In any given place, at any given time, we are all participating in this social networking whether we realise it or not. In the conversations we have with other people, the decisions we make and the things we do. These transactions and flows of activity are governed by a multitude of things; love, habit, belonging, money, convention, belief, morality, trend, ego, curiosity, envy, friendship, impatience, need, want etc, etc.

How much of them are to do with direct government intervention? How much of them compel us to do something for the benefit of others or our neighbourhood? What is the government’s role in enthusing and encouraging people to get involved in their neighbourhoods?

Yesterday afternoon I spent three fascinating hours with some familiar and new faces at DCLG talking about how to mobilise neighbourhood action and engage people to take more of a role in their local area. An issue close to Mend’s heart. So a bunch of us ranging from urban designers, community workers, housing trusts, voluntary organisations, networkers and think tanks took it in turns to give our insights, experiences and theories on what works at a neighbourhood level.

There was a lot of consensus around the need for trust, bottom-up approaches, flexibility and patience. Also some words of caution about what the government’s role in mobilisation should be and what consequences and context around mobilisation are (see Julian Dobson http://livingwithrats.blogspot.co.uk/#!/2012/03/why-mobilise-neighbourhoods-clarity.html )

Here’s mine for what it’s worth…..

Unfinished business: Networking is an on-going process, as is place-making and community building. You don’t get to an end point and say “tick”. As such, the network is always unfinished, full of gaps and holes. These can manifest in problems such as a gap in service provision or social tension. This is where some network actors come in; they have identified a gap or rip and they want to mend it. They try to mobilise resources and activity in order to draw attention and address the gap with varying levels of success and support.

Mobilising mobilisers: A key success factor is their ability and capacity for engaging others, demonstrating the common interest and relevance and communicating the shared benefits and meaning to them and others outside the network to participate. But this is not a role for everyone. Some people just don’t want to get involved – and that’s fine. There are plenty that do and will. But there is a group of people on the cusp of participation and mobilisation who need a nudge and a bit of convincing. They may lack the confidence to participate, or do not fully realise the value they can give or that they are needed. There needs to be a way to match need with action. And this will be different in different places?

Comfortable chaos: What we need at place level is “comfortable chaos” where government put the bones of support in place and let communities and their partners in to play and do what they know works. Transplanting what worked in Place A and embroidering it on Place B is not good enough. Place A has a different network, experience and everyday reality than place B.

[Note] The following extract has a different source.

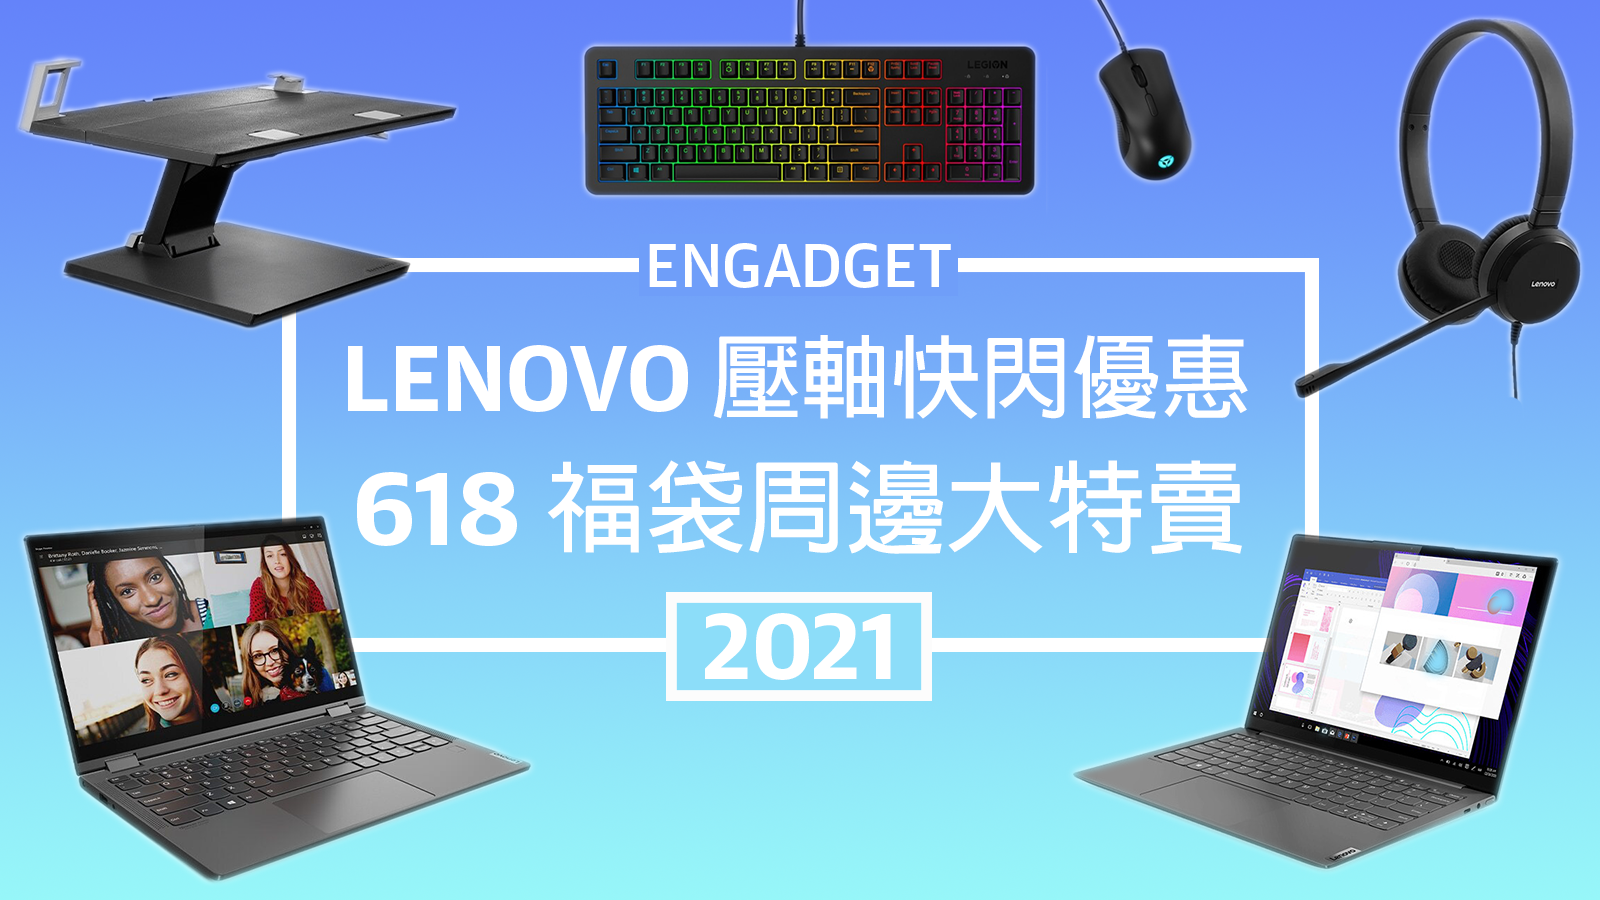 Lenovo-618-flash-sales-thumbnail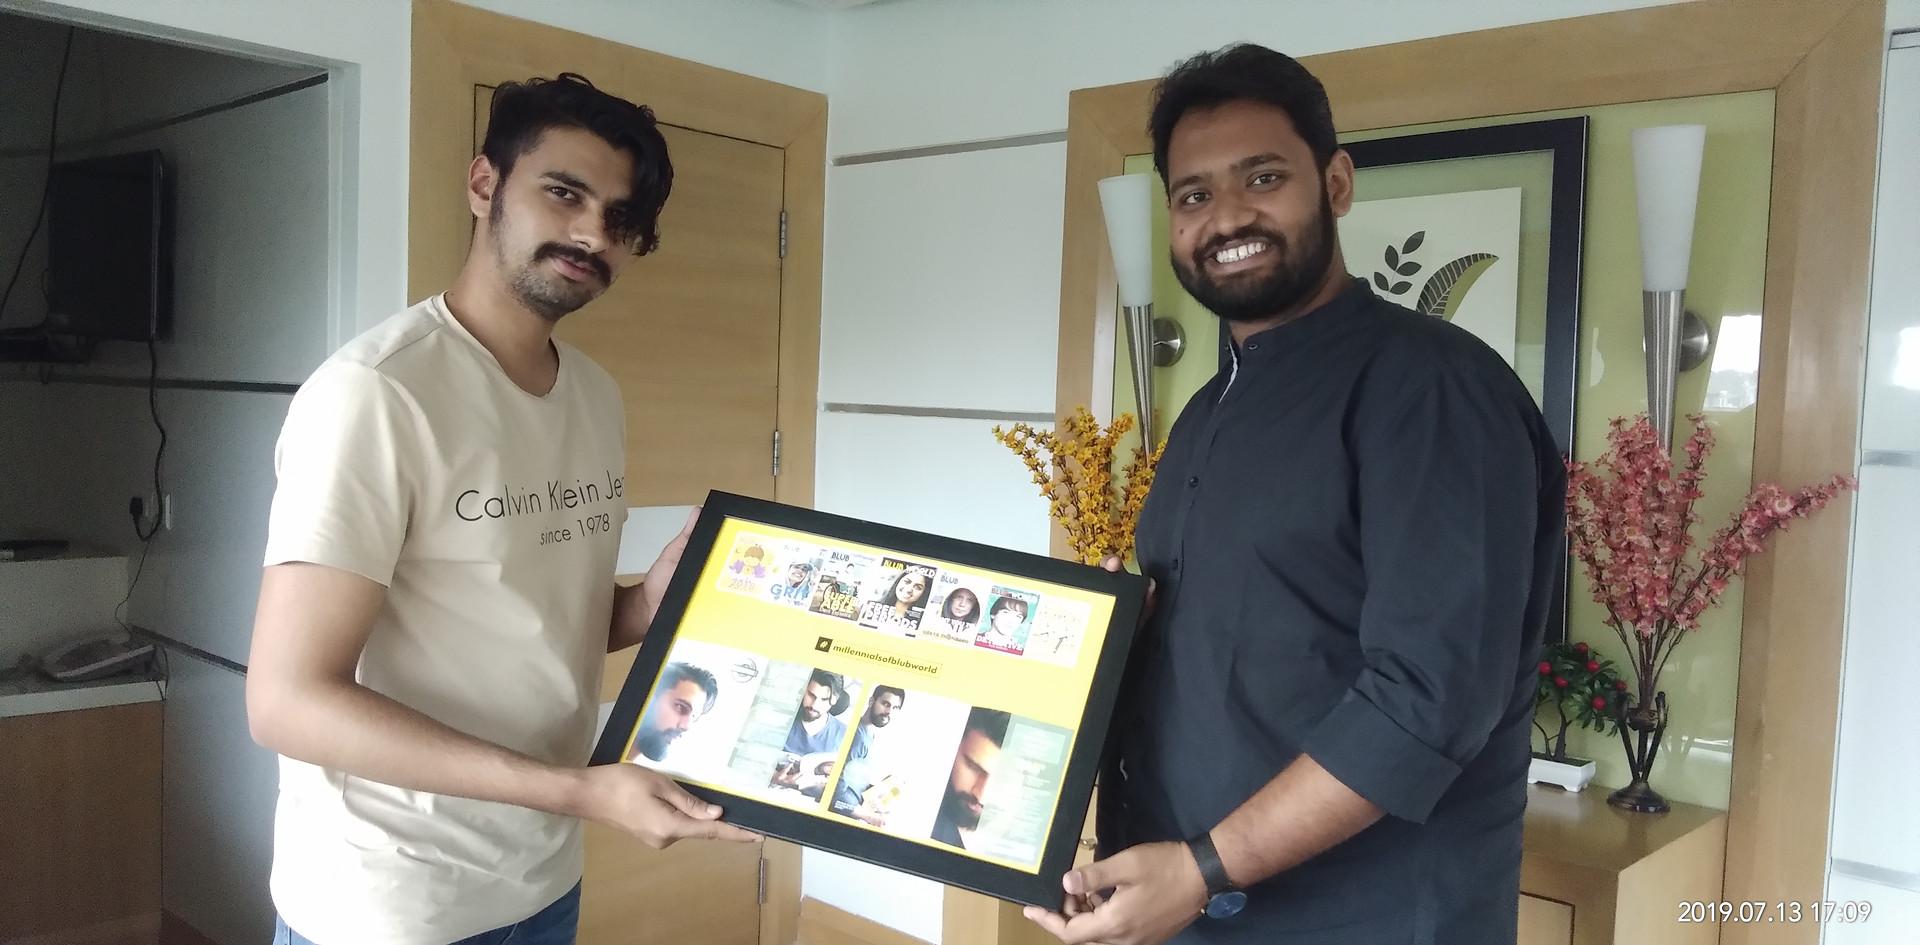 Mr. Mantraj Paliwal, Vice Chairman, Miraj Group receiving Blub World Frame from Mr. Daksh Gaur

We need to acknowledge the importance of mess – the unfettered, unplanned, unpredictable and idiosyncratic-ness in a place. This is what gives it its unique feel and identity. Therefore implementing macro-level programmes and policies that do not respect the mess of a place and require them to shoehorn themselves into an alien and remote box do not work. There needs to be space in a local approach to place and mobilisation that allows room for comfortable chaos and letting relevant and meaningful local interventions crystallise out of its mess.

This requires a degree of trust on the part of government that communities (their actors, supports and resources) know what works and will address the gaps in their area effectively and rewardingly. Mobilising people is one thing – but squandering it by giving them a bad experience, taking advantage or by not making the most of their support is worse. Do it well, and you may mobilise someone beyond the issue in hand and well into the sunset.

It also requires an element of risk because things may not work. But that should be ok? Places and communities are complicated. They don’t follow scripts, things change and people move about. Snapshots of snapshots. Therefore what might have started out to work could seem wildly ridiculous over time….and let’s face it bidding processes, evaluations and appraisals take time. But this is where we learn, by trying things, seeing what works, tweaking and trying. I appreciate there is scant funding resource but there is an abundance of local knowledge and experience and creativity at local level. We need to be using that to punch through and inform local action.

Making everyday life better: When we come down to it, what do people mobilise locally for? It’s to essentially make everyday life better or address an injustice that ensures everyday life remains an unattainable luxury for some over others. It’s not sexy; it’s mundane but that’s why it’s important. Because if the backdrop to our everyday lives and experiences was a constant blur of white-knuckle excitement we would keel over and make a bid for ordinariness. We mobilise more because we want our everyday lives to be less crap than about it being a festival experience. That means, services that are responsive and effective, spaces that are well looked after and used, decisions that are authentic and responsive and development to be about the people that love there and not just that make money out of it.

Local logic: So if you want people to get involved than you need to ensure there is strong attachment to place in the first place. You do that by providing opportunities and spaces to meet, share and have good experiences; foster local identity through recognising the value of informal things people care about not just the things the council or business say you should, listening when people are making a noise and celebrating the mess that makes a place unique. It’s not about being told to do it, putting a snazzy label on it or creating a new programme.

If you support the spaces and people that mobilise, neighbourhoods will mobilise themselves. You make it fun, creative and authentic about that place – not somewhere else or a remote view of that place. You engage young people with their limitless energy to do and think, unrestricted by policy, convention or that it won’t work. You are flexible about when and how money can be spent. And you trust local people to be the experts on their own places. Which are themselves reflective of the social network, relationships behaviours going on there. Fund the glue that holds those networks together and that builds new connections and you will make them, ultimately, more resilient.